Earthquake off the coast of Florida, United States

The 2006 Gulf of Mexico earthquake occurred in the eastern Gulf of Mexico on September 10 at 10:56 AM Eastern Daylight Time. The intraplate earthquake measured 5.9 on the moment magnitude scale and its epicenter was located about 250 mi west-southwest of Anna Maria, Florida. The event was felt throughout much of the Gulf Coast of the United States and was the second earthquake of magnitude 5 or greater in the Gulf during 2006. Felt intensities, as measured on the Mercalli intensity scale, were as high as IV (Light) in Florida, with parts of Georgia at III (Weak).

==Characteristics==
The quake was reportedly felt along the gulf coast and as far north as Georgia. The earthquake was the strongest in the Gulf of Mexico in 33 years and was an intraplate earthquake, an event that takes place away from the borders of tectonic plates (where most tectonic activity takes place). Earthquakes in the Southeastern United States are not common, but several strong events have occurred in the region. In 1879 close to St. Augustine, Florida, an earthquake damaged plaster and forced dishes off counters, and in South Carolina the 1886 Charleston earthquake caused severe damage and was responsible for the deaths of sixty people.

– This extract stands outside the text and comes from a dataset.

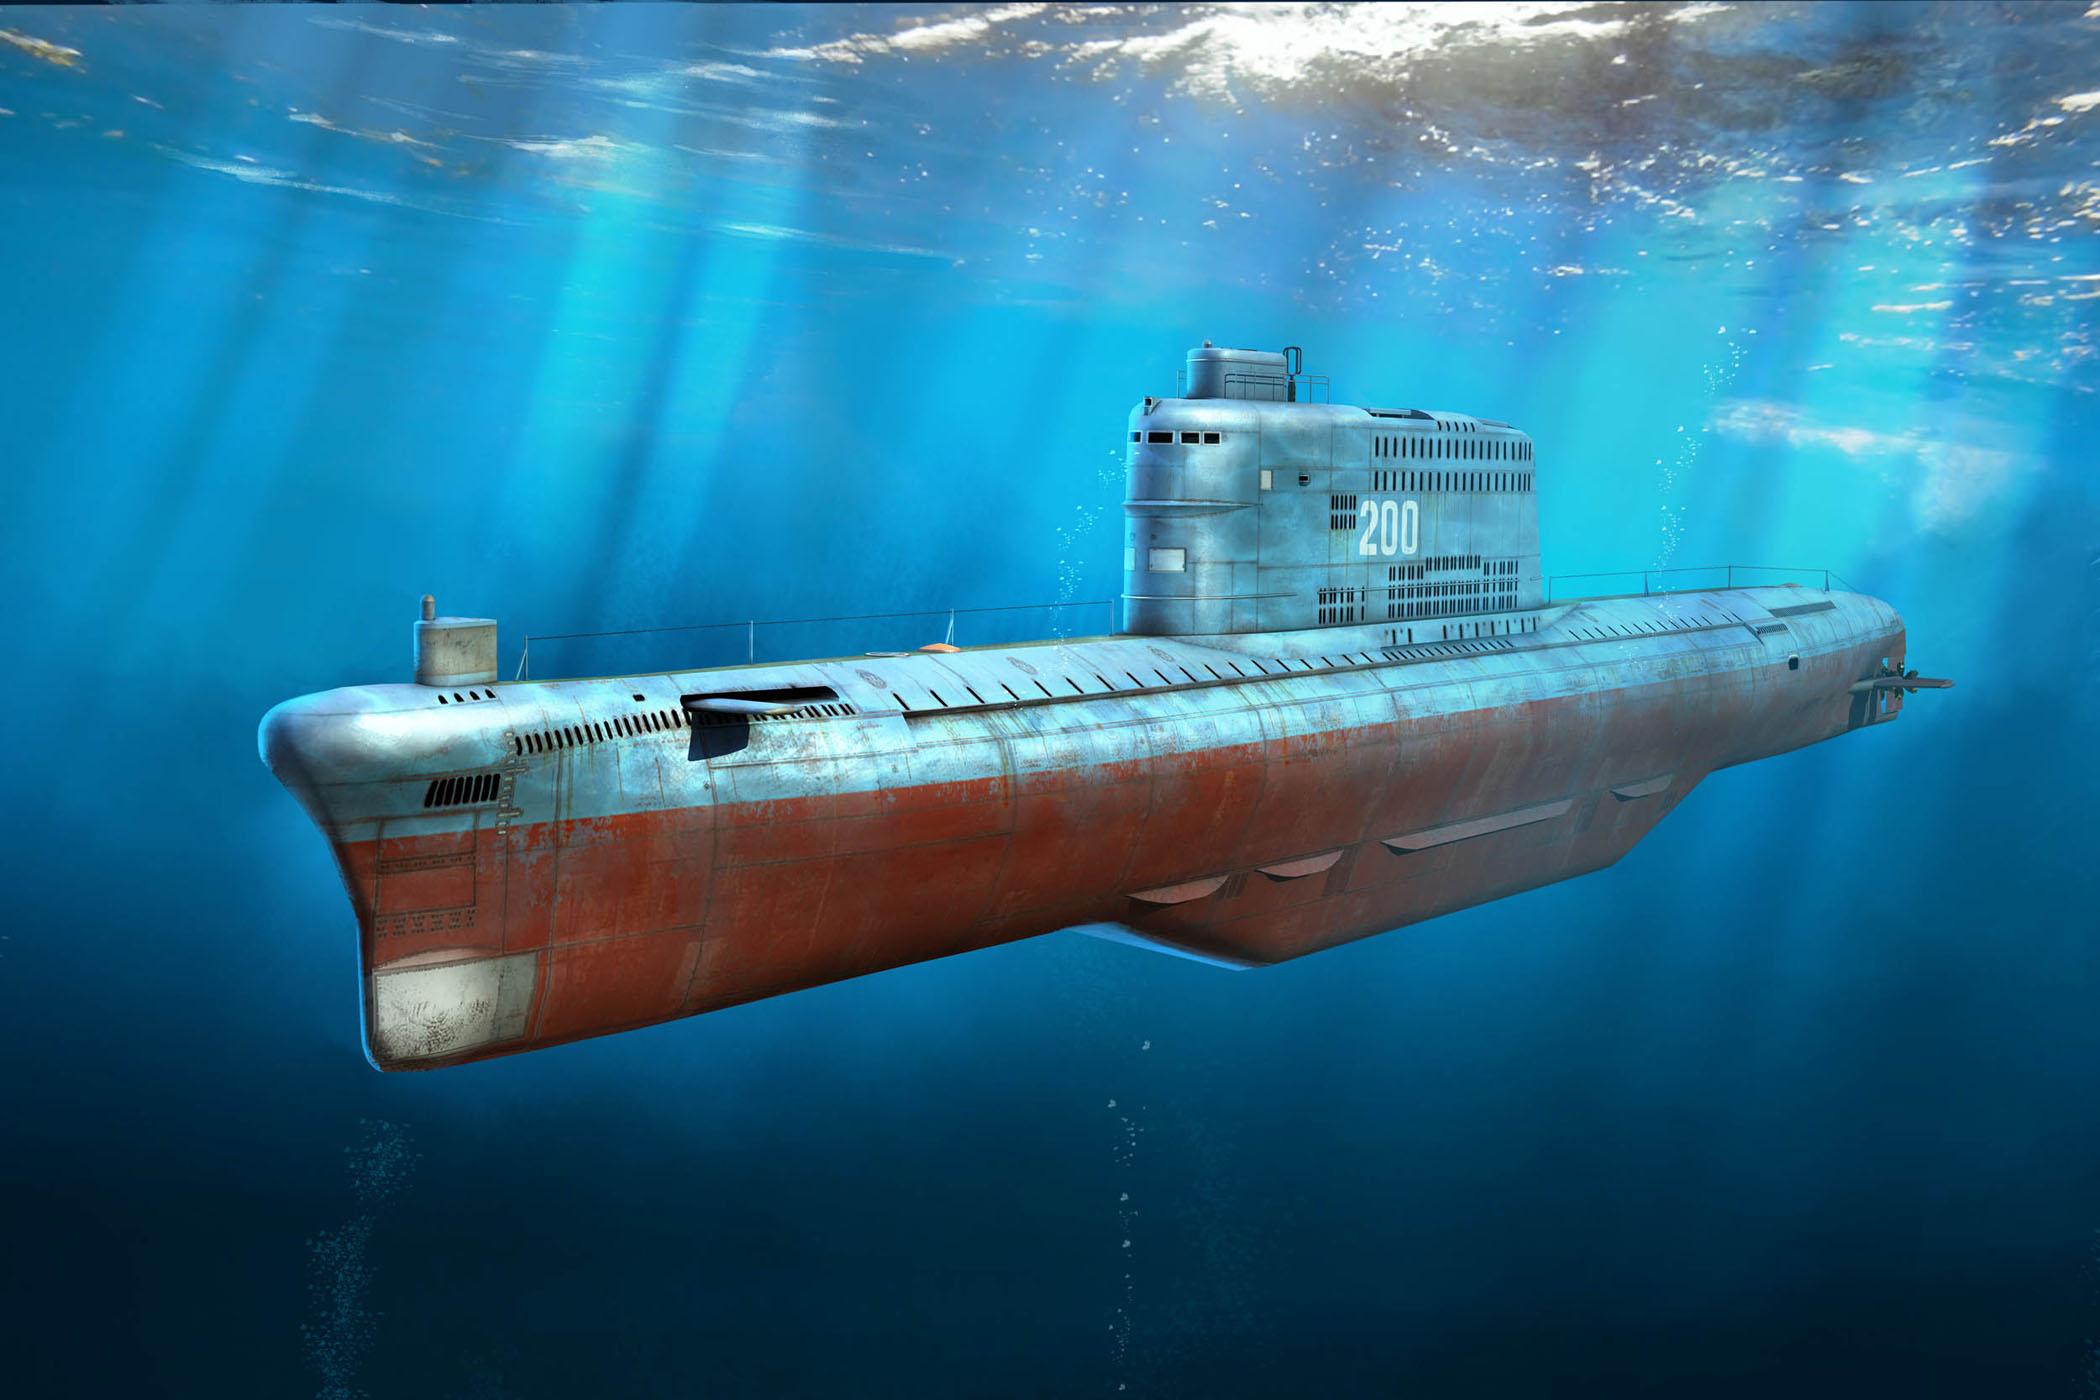 1/350 中国海軍 031型弾道ミサイル潜水艦 ゴルフ型 [83514] - 3,872円 ...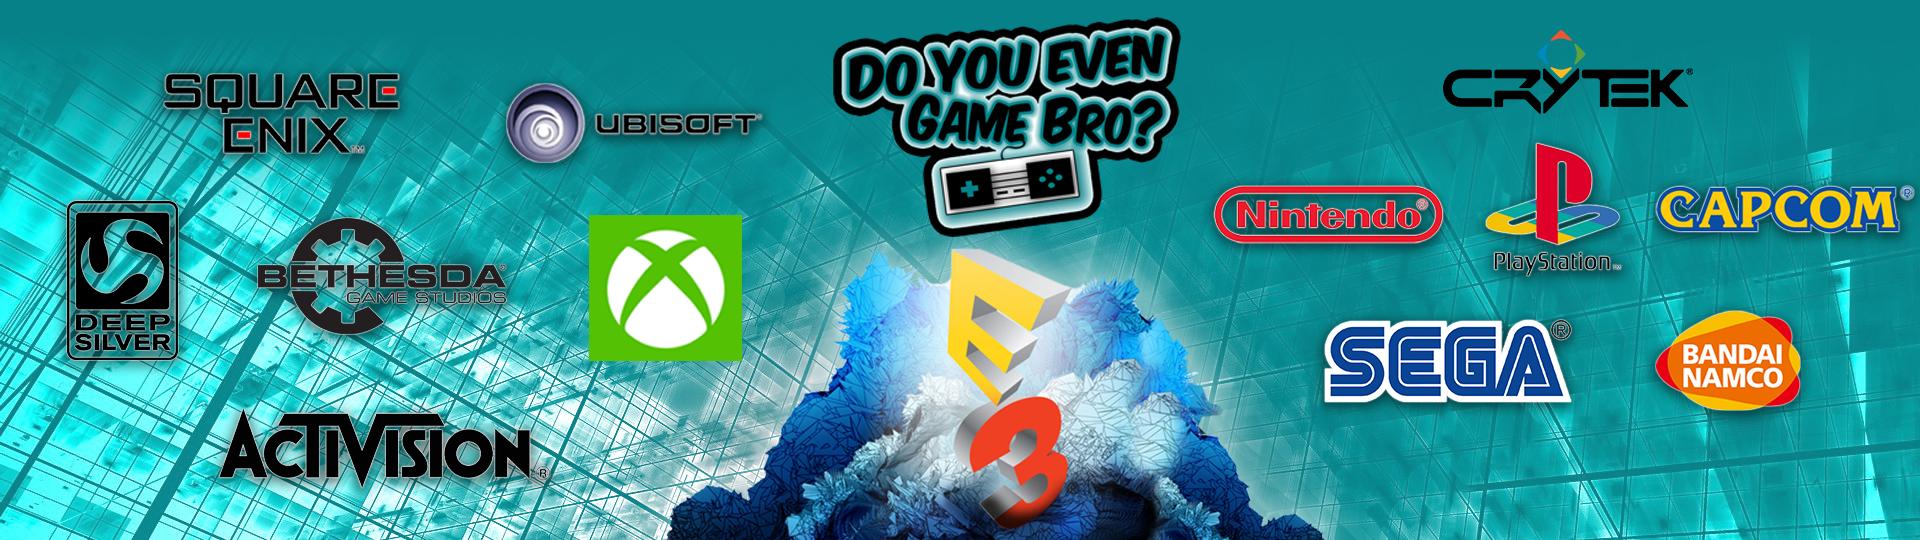 E3 2017 banner

The event occurred near the Cuba Fracture Zone and was well away from the edge of the North American plate. Randy Cox, an associate professor of earth science at the University of Memphis in Tennessee stated that the source of strain was the Mid-Atlantic Ridge, where seafloor spreading was causing compression of the North American plate. A magnitude 5.2 event in February 2006 may have been associated with the same fault zone.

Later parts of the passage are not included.